MATERIAL FOR THIS TASK Block Start

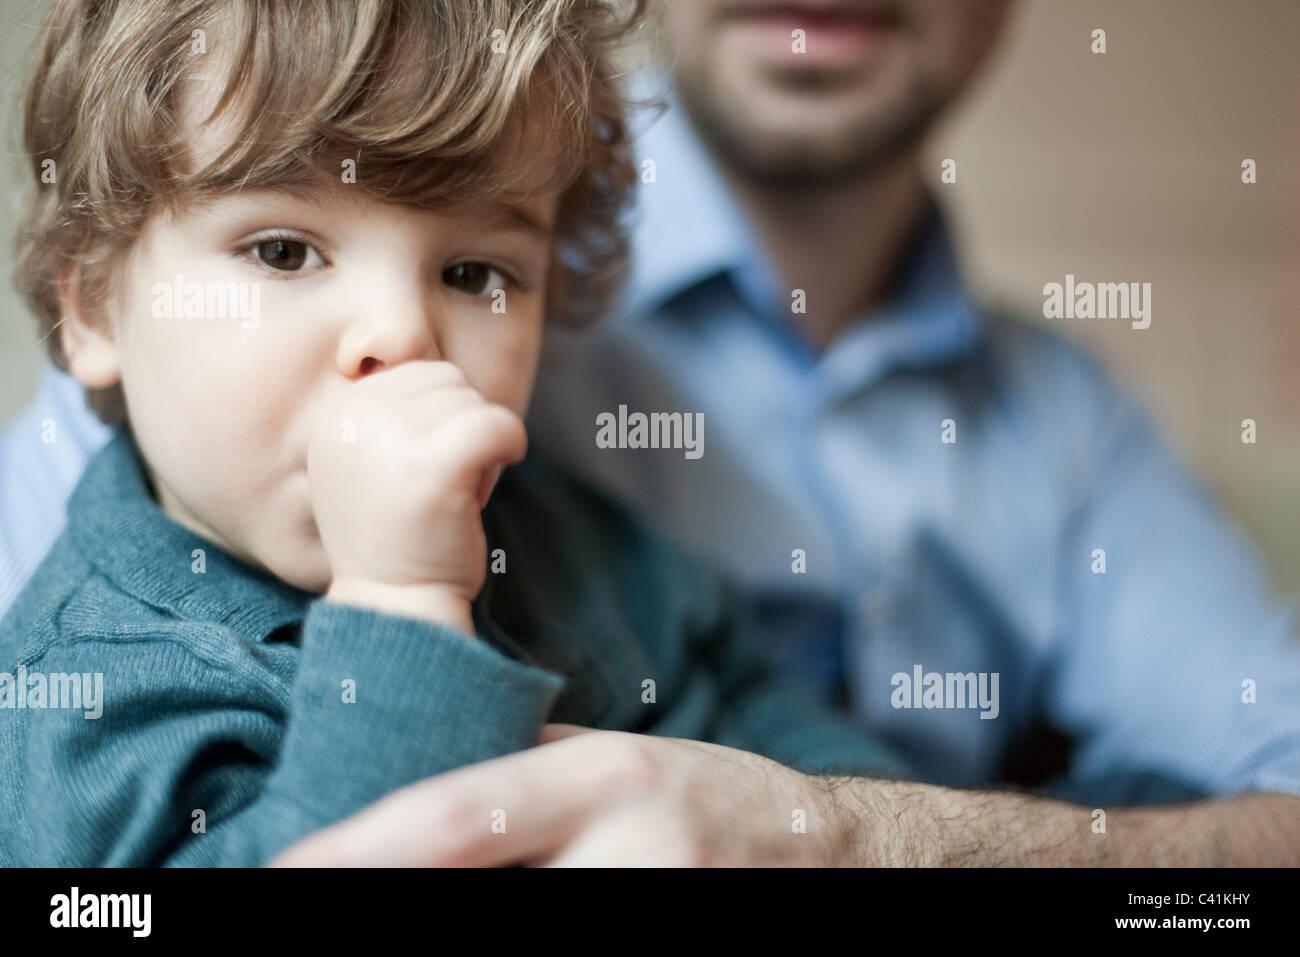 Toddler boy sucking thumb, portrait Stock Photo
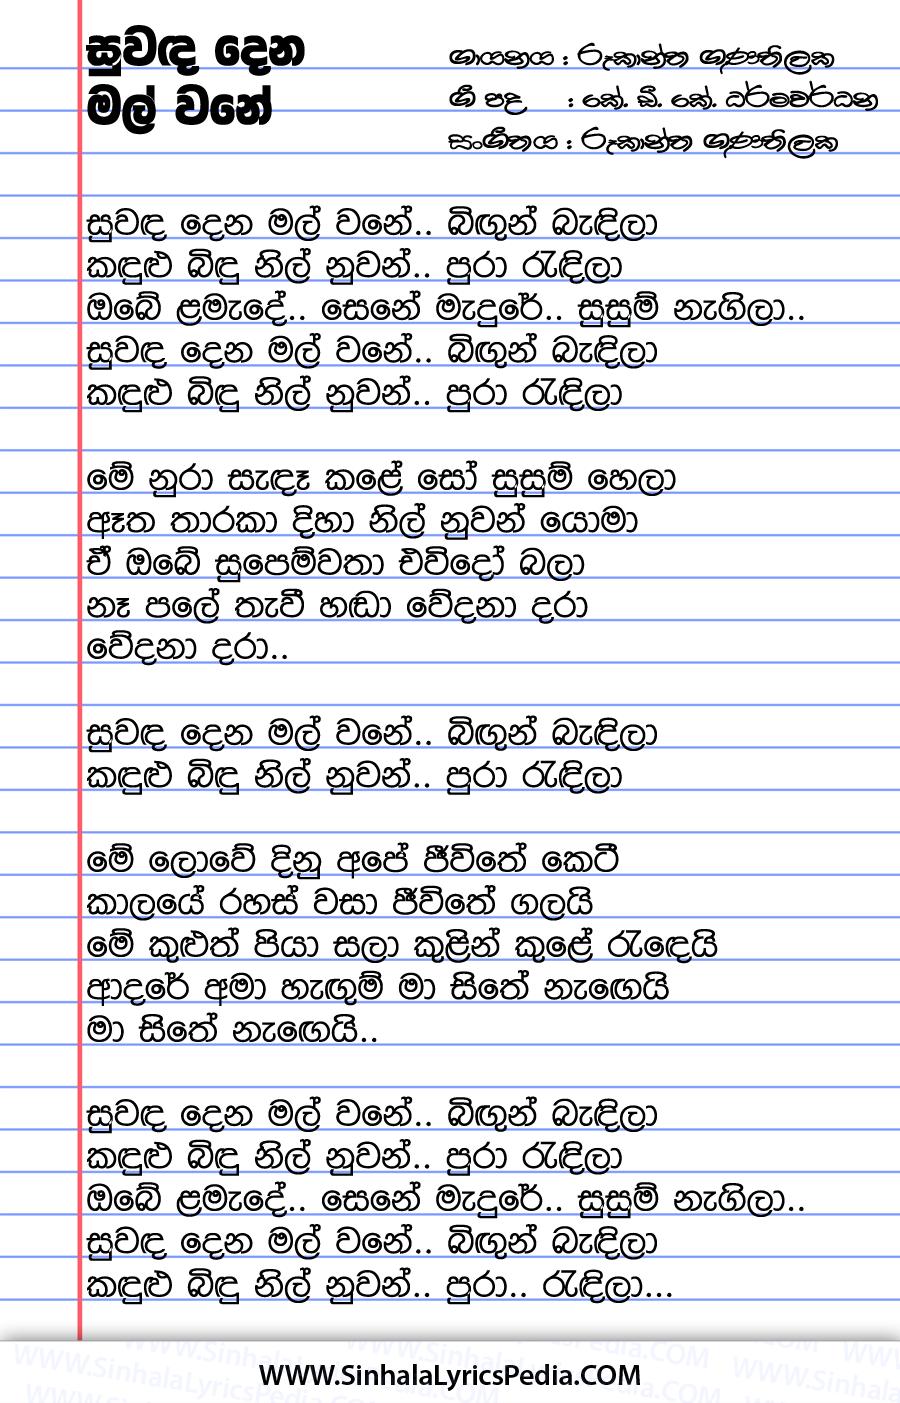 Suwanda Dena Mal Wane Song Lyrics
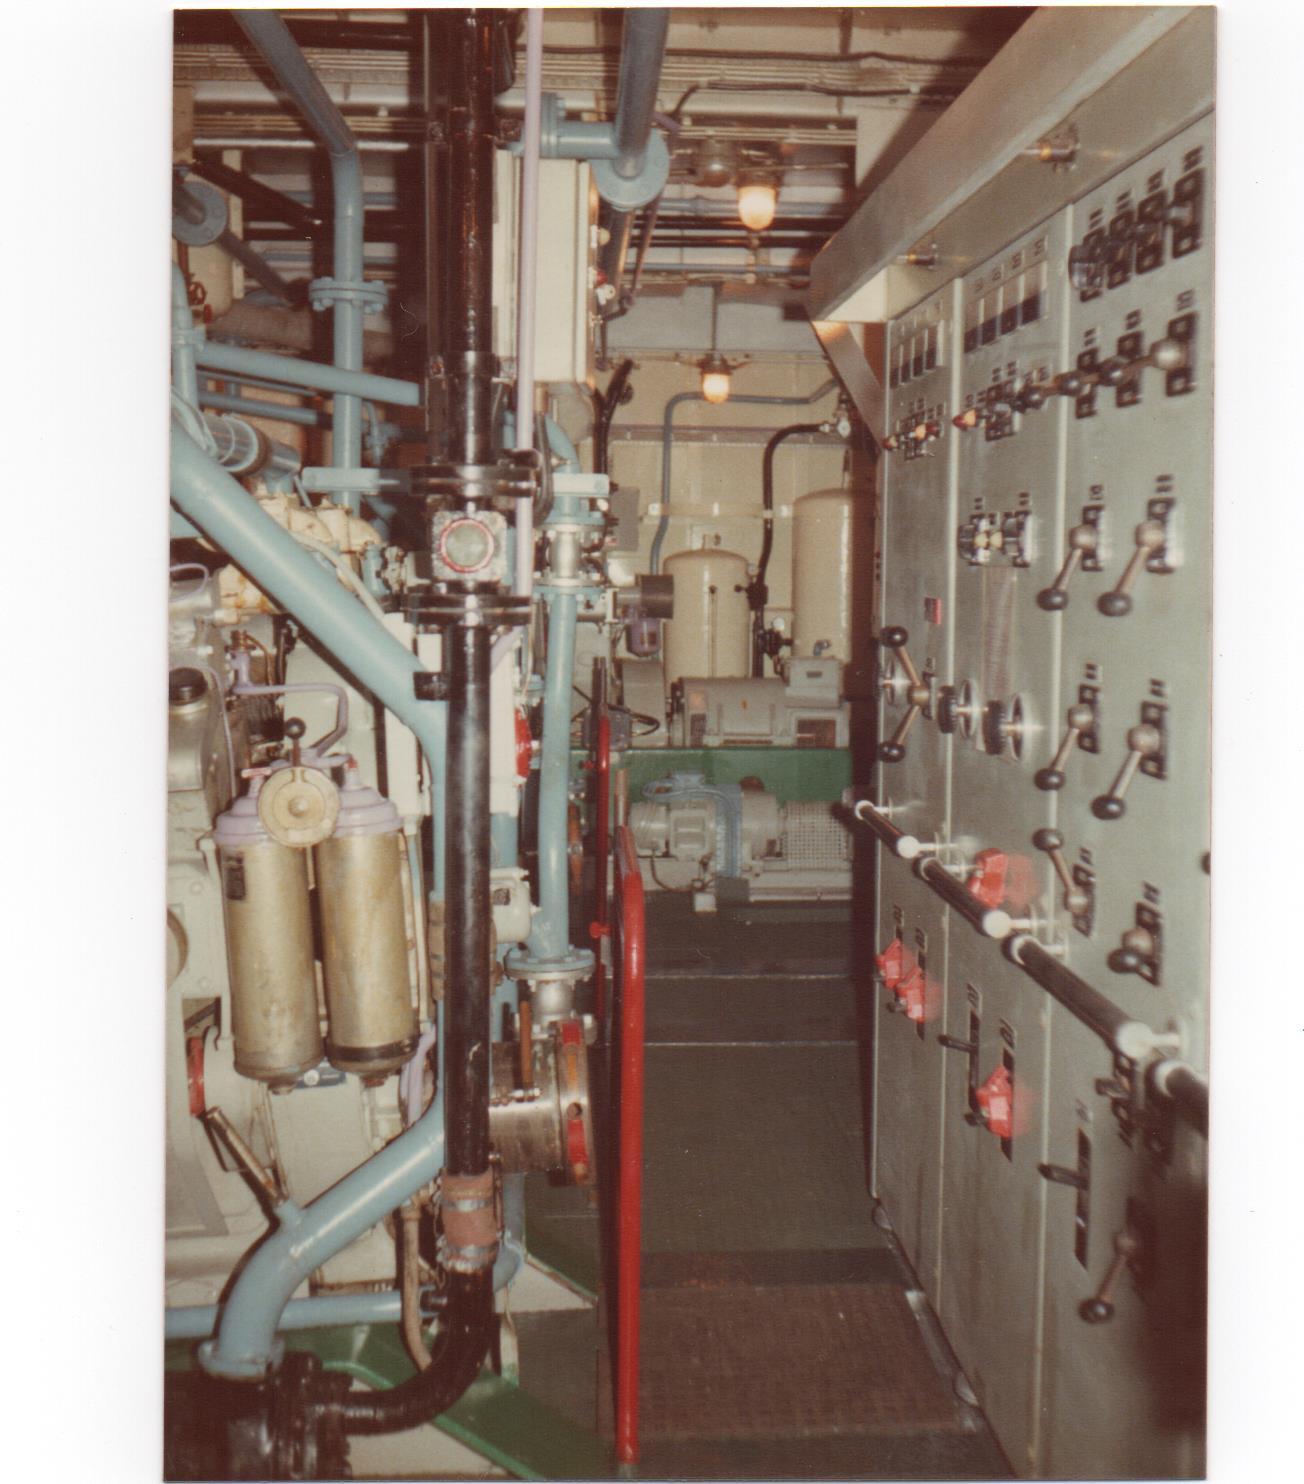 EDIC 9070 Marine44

MATERIAL FOR THIS TASK Block End
MATERIAL FOR THIS TASK Block Start

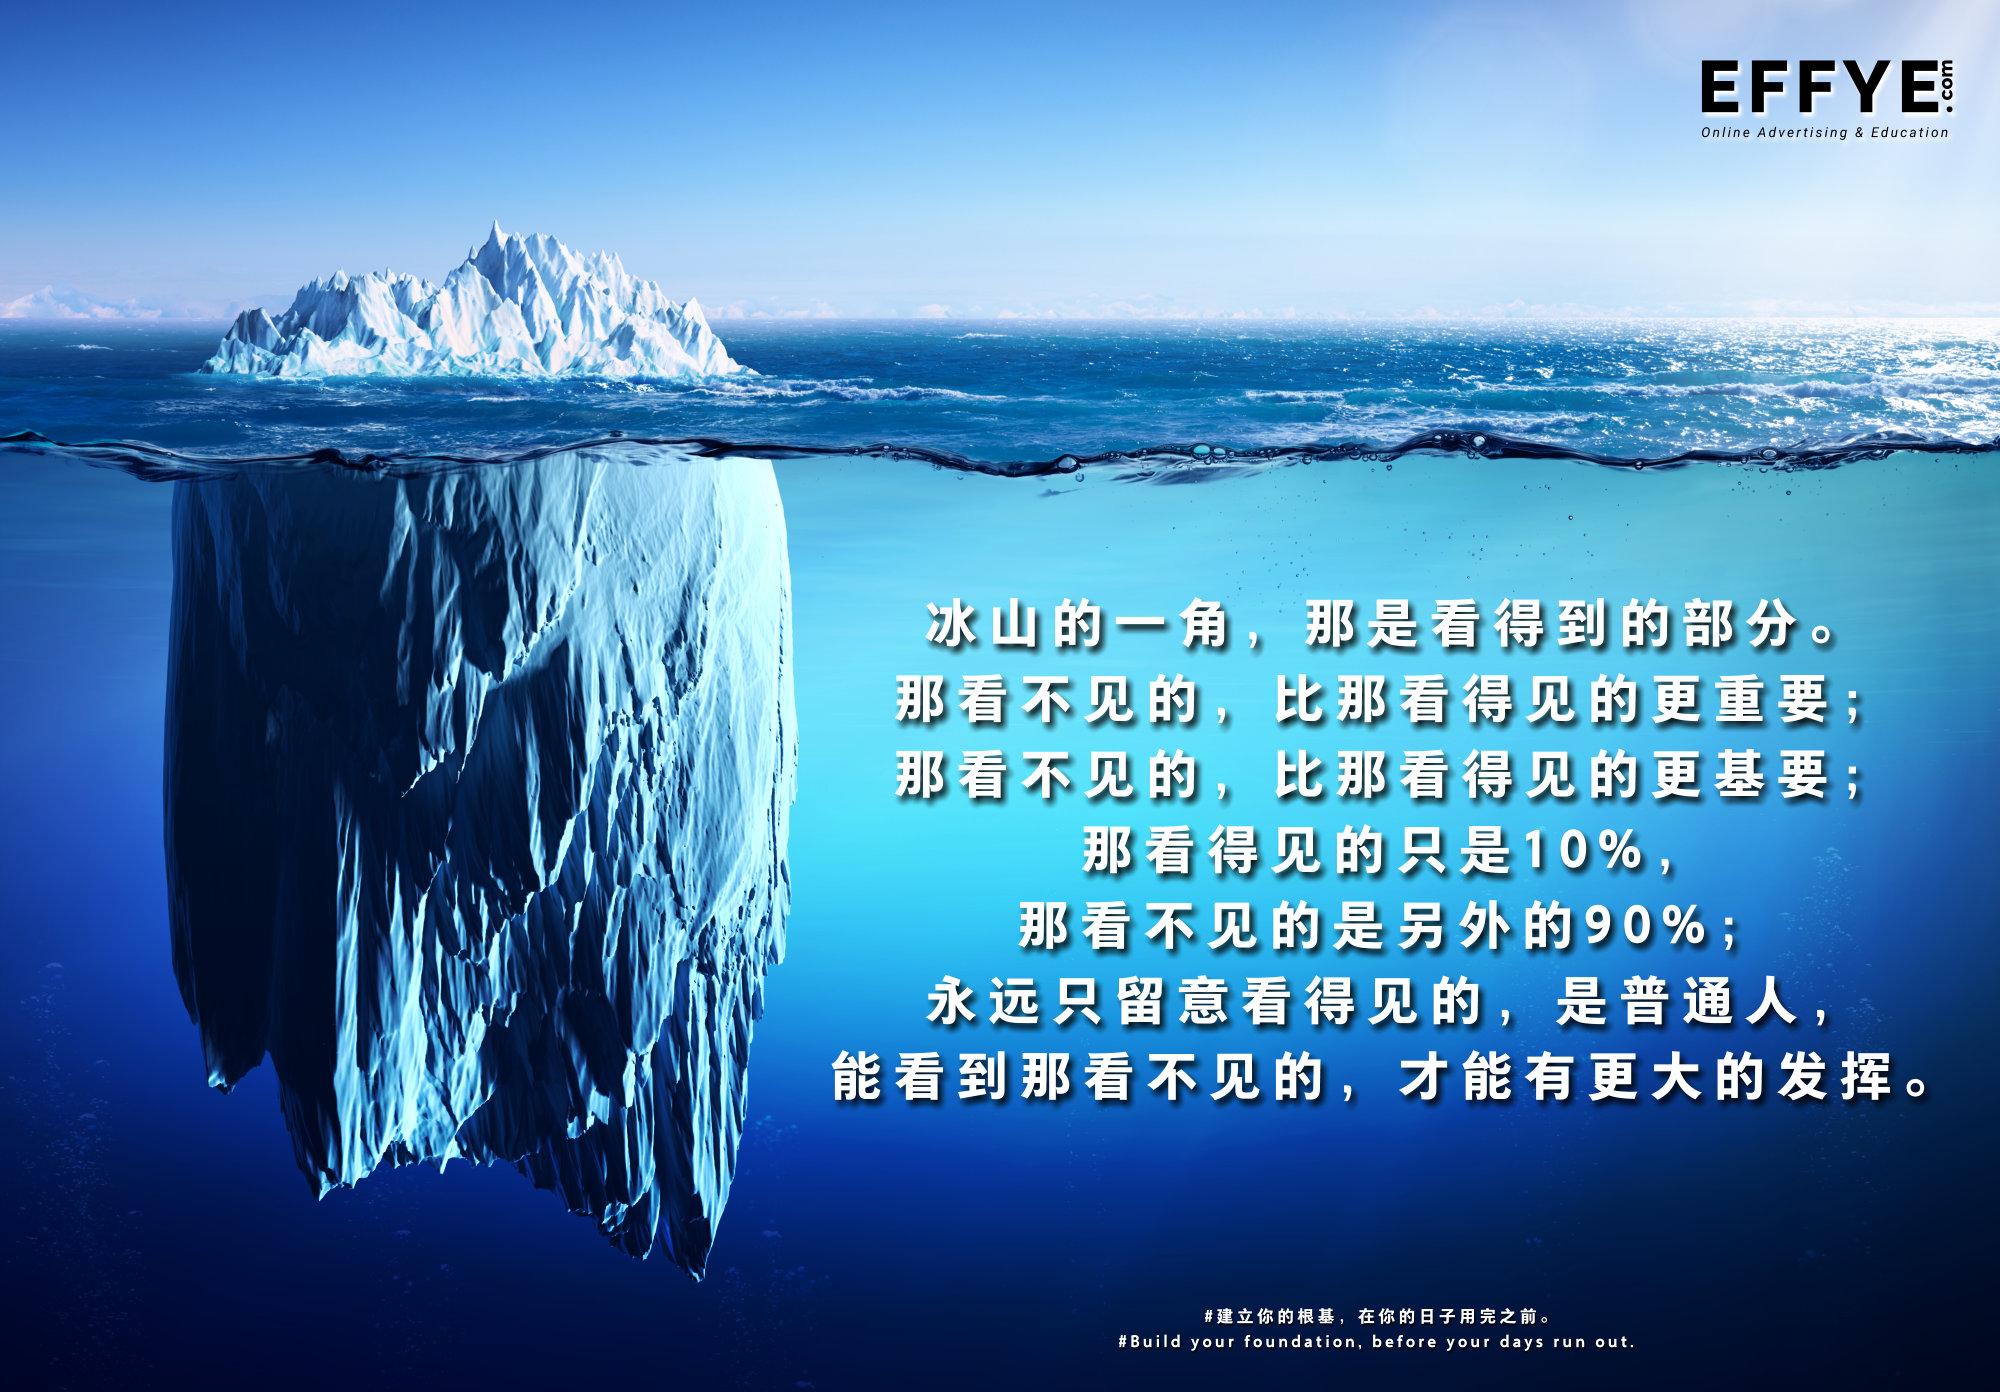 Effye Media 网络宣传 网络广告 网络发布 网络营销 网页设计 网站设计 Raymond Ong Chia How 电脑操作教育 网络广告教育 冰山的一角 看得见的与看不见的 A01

MATERIAL FOR THIS TASK Block End

▶ [HOW TO COMPLETE THIS TASK] The result should be an exact copy of only the lines above from the one that holds "Toddler boy sucking" through the one that holds "EDIC 9070 Marine44", both ends included, without pictures.

▶ [RESULT FOR THIS TASK]
 Toddler boy sucking thumb, portrait Stock Photo
 Suwanda Dena Mal Wane Song Lyrics
 EDIC 9070 Marine44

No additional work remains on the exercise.